I have a Diamond Infinite Edge which is fully adjustable 13-31" draw and 5-70 #. Best of all, I can make the adjustments myself, which has been great as I have been able to increase my strength. It didn't break the bank, which is a big plus when you are just getting into it. (I am 5'6 have a 25" draw length and am up to 42#)
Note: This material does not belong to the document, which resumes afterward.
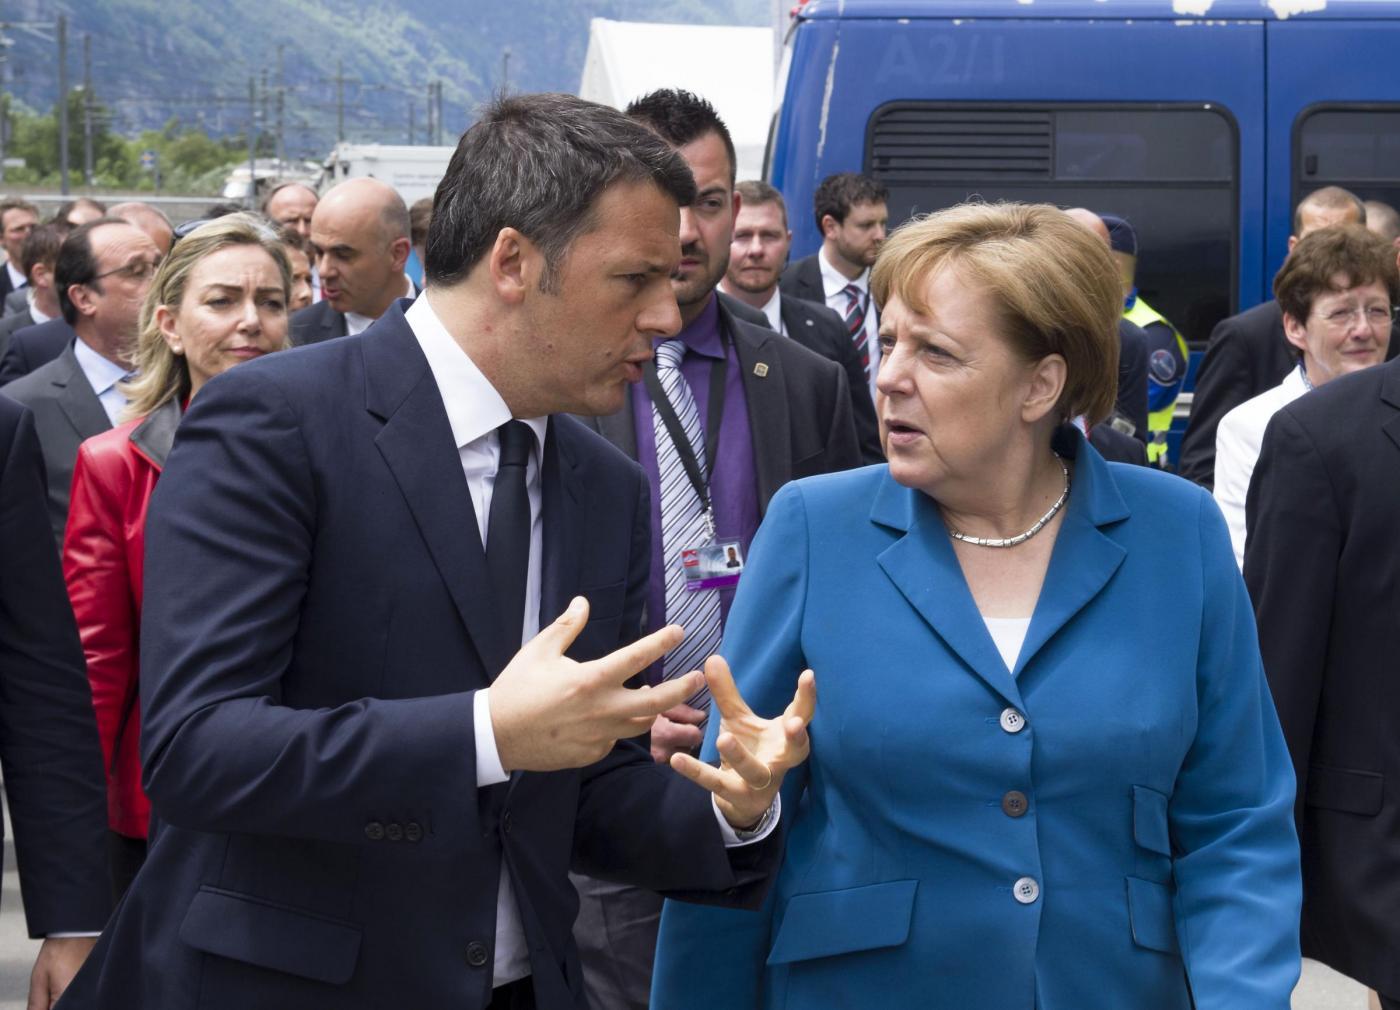 Angela Merkel bacchetta l'Italia: 'Le regole del settore bancario non si ridiscutono'

They have other newer models now that I think are also adjustable, and other makers like Matthews also make some fully adjustables too.


----------



## CamoQuest (Mar 3, 2012)

A Mathews Chill SDX, Stoke, and Avail can all make a good hunting option at shorter draws and lower weight. So can a Bowtech Eva Shockey or Reign. Those would be my picks if I were looking. I’ve shot other brands, but these were the ones I personally shot better. Everyone is going to be different and have different preferences. Since you aren’t certain on her draw length or what she can comfortably handle, my first suggestion would be to take her somewhere that she can try different bows to get a feel
For what works. Don’t go on a weekend- go during the day mid week when there is less of a chance of the shop being busy.


----------



## john800 (Nov 18, 2015)

There are alot of very nice short draw bows out there. We started my wife out with a bear apprentice which is a very adjustable youth bow. After we found oit she was left eye dominant and was into shooting enough to justify the cost we bought her a bowtech eva shockey amd she loves it. For her at a very lightly framed 5’2” the light weight of the bow was key, but let her shoot enough different bows to get am idea of what she likes. As we went to a few different shops and shot most of the recomend bows i could see her develop preferences amd the decision was easy for her.
Some worth looking into are the mathews stoke amd avail, elite makes a model i dont remember the name of, bowtech eva, carbon rose, reign 6. The carbon pse also may go short enough for her.


----------



## pottergreg (Mar 20, 2015)

Check out the Xpedition bows, The Denali has a new cam out 22-24.5" draw. The Explorer SS can go pretty short also.


----------



## Valkyriehunting (Jul 8, 2018)

I have a Mission Hype DTX and I'll say, I love it over my Hoyt with twice the price tag. Super adjustable in draw length and poundage which is awesome as she's getting into it. All the guys are actually jealous of how quiet my bow is and nicely it shoots.


----------



## ellen7 (Jun 3, 2015)

Elite impression is something to look into 


Sent from my iPhone using Tapatalk


----------



## Cheyennesmom124 (Jan 15, 2016)

I have a Hoyt Vicxen I’m looking to sell. Draw weight is 30-40 lbs and string is 23-25.5


----------



## NY12020 (Feb 21, 2013)

HalonShooter60X said:


> My 12 year old daughter has been shooting a PSE Fever for the last 4 years. It is her most prized possession. It's a great little bow and easy on the wallet too... She started with 27# limbs and maxed them out last year. I bought her some 40# limbs last summer and she's shooting 32# during 3D season and we crank it up to 36# for hunting season.
> 
> If your wife has never shot before, IMHO, the PSE Fever or even a Stinger X would be both an excellent starting point and easier on the wallet.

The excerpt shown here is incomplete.